■ **WORK INSTRUCTION**
Reproduce the listing word for word. Skip any image.

** INFORMATION SHOWN follows **

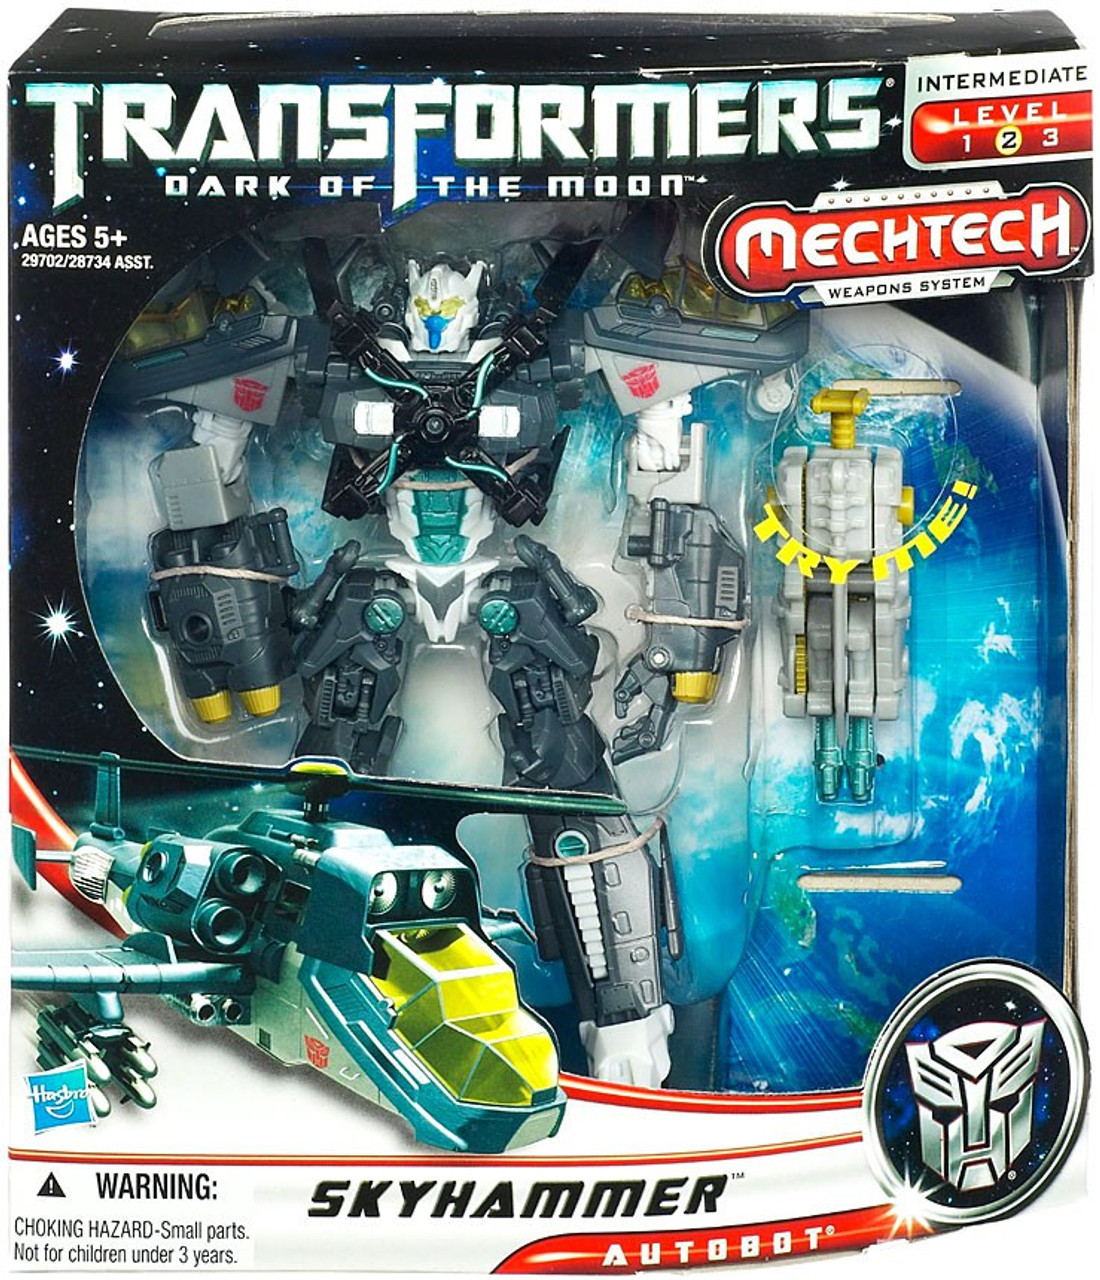 Transformers Dark of the Moon Mechtech Voyager Skyhammer Voyager Action Figure
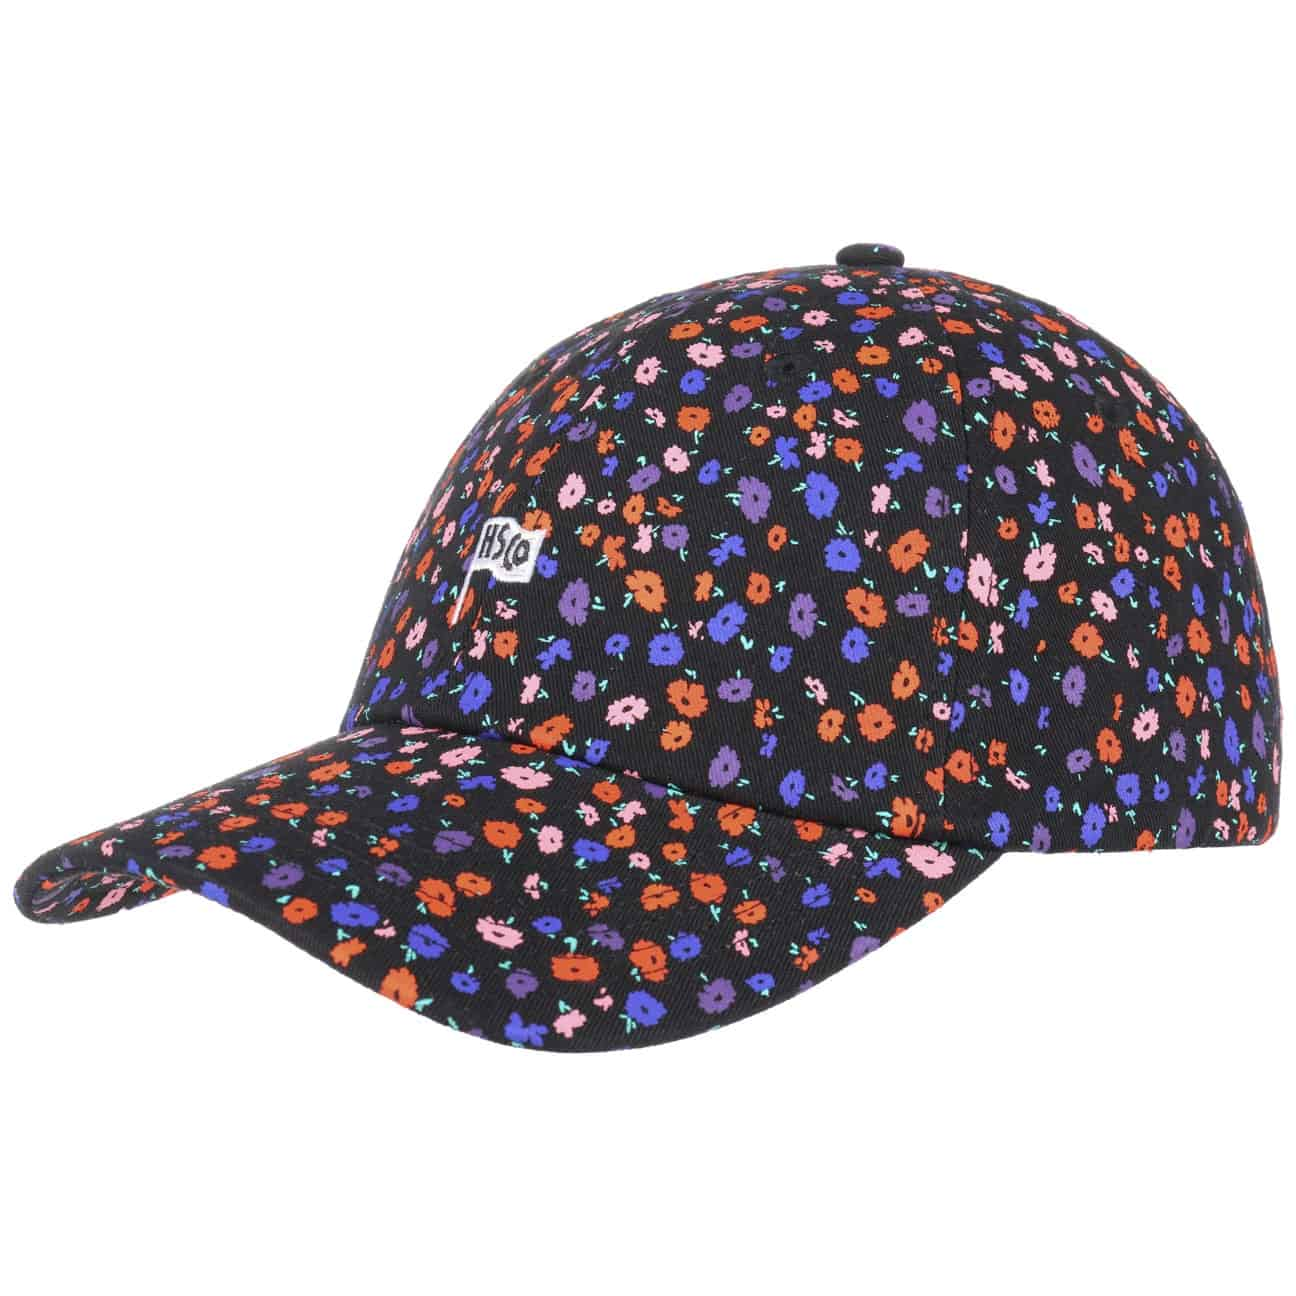 Gorra Flower Allover Strapback by Herschel  gorra de baseball
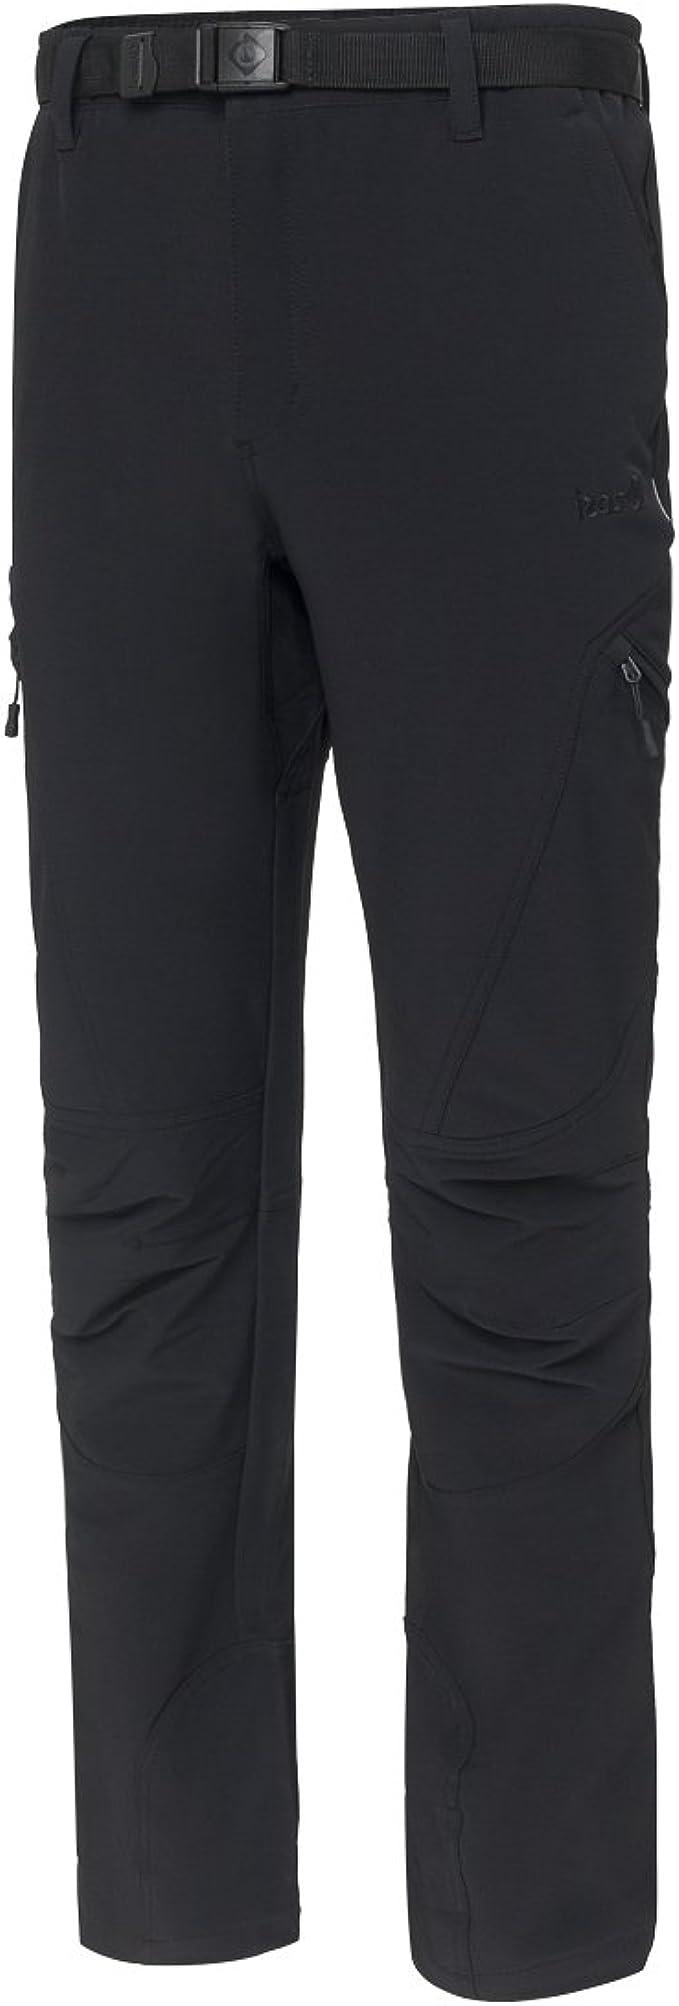 Pantaloni di Montagna Uomo IZAS Grouser

** End of INFORMATION SHOWN **

■ **RESPONSE TO THE TASK**
 Transformers Dark of the Moon Mechtech Voyager Skyhammer Voyager Action Figure
 Gorra Flower Allover Strapback by Herschel  gorra de baseball
 Pantaloni di Montagna Uomo IZAS Grouser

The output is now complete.